2- Voluntary winding up with out intervention of the court.

The company may also be wound up without intervention of court. And it is called voluntary winding up. In other words, it means the winding up by the members and the creditors. It requires for procedures:

By ordinary resolution:- Sometimes, company fixes the period for the duration of company, in such case it required ordinary resolution. By special resolution:- Company may, at any time, pass special resolution that company be wound up voluntary.

KINDS OF VOLUNTARY WINDING UP


1- Members voluntary winding up:It is the winding up in the case of which a declaration of solvency is made and delivered to registrar. 2- Creditors voluntary winding up:In such case, winding up shall arise where the company is unable to pay its debts in full. They are given the powers to control and supervise the winding up process.
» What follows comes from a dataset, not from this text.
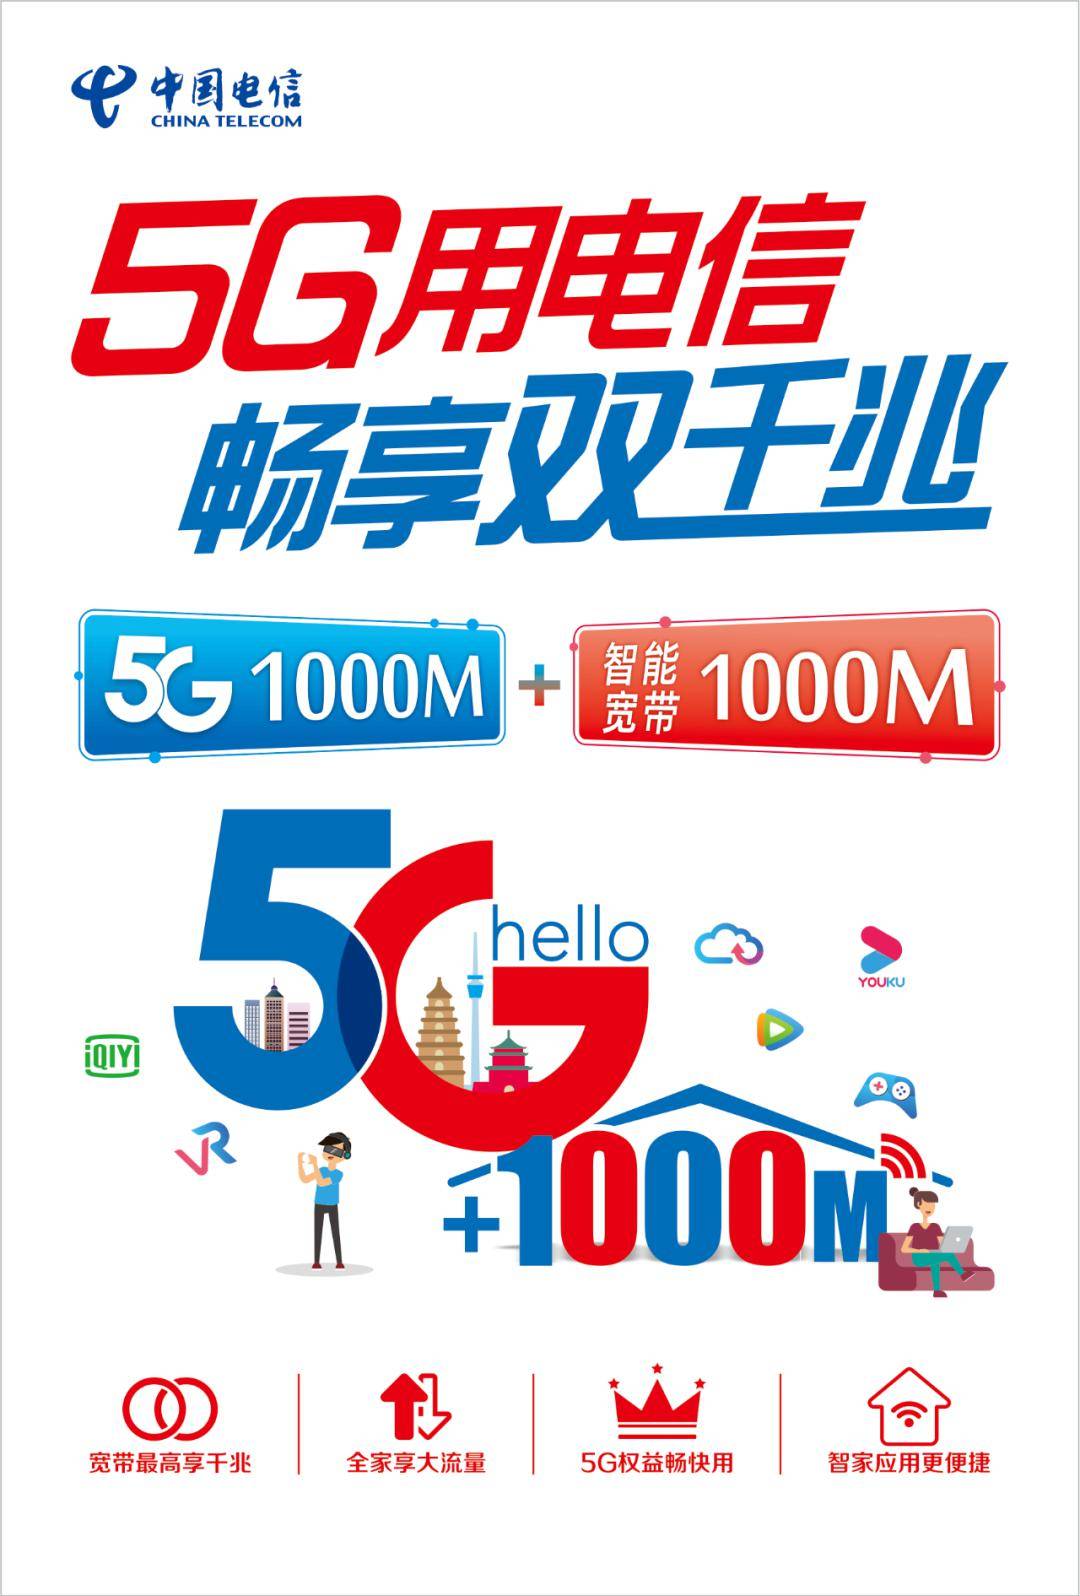 快人一步中国电信神木分公司5g全面开网买5g手机最高享受5000元补贴

3. VOLUNTARY WINDING UP UNDER THE SUPERVISION OF THE COURT

As a matter of fact, it is voluntary winding up but under the supervision of the court. At any time after a company has passed a resolution for voluntary winding up, the court may make an order that voluntary winding up shall continue but subject to the supervision of the court. The court may appoint liquidator, it may also remove any liquidator. It also has the advantages of compulsory winding up. Because the court gets all the powers which it can exercise in a compulsory winding up.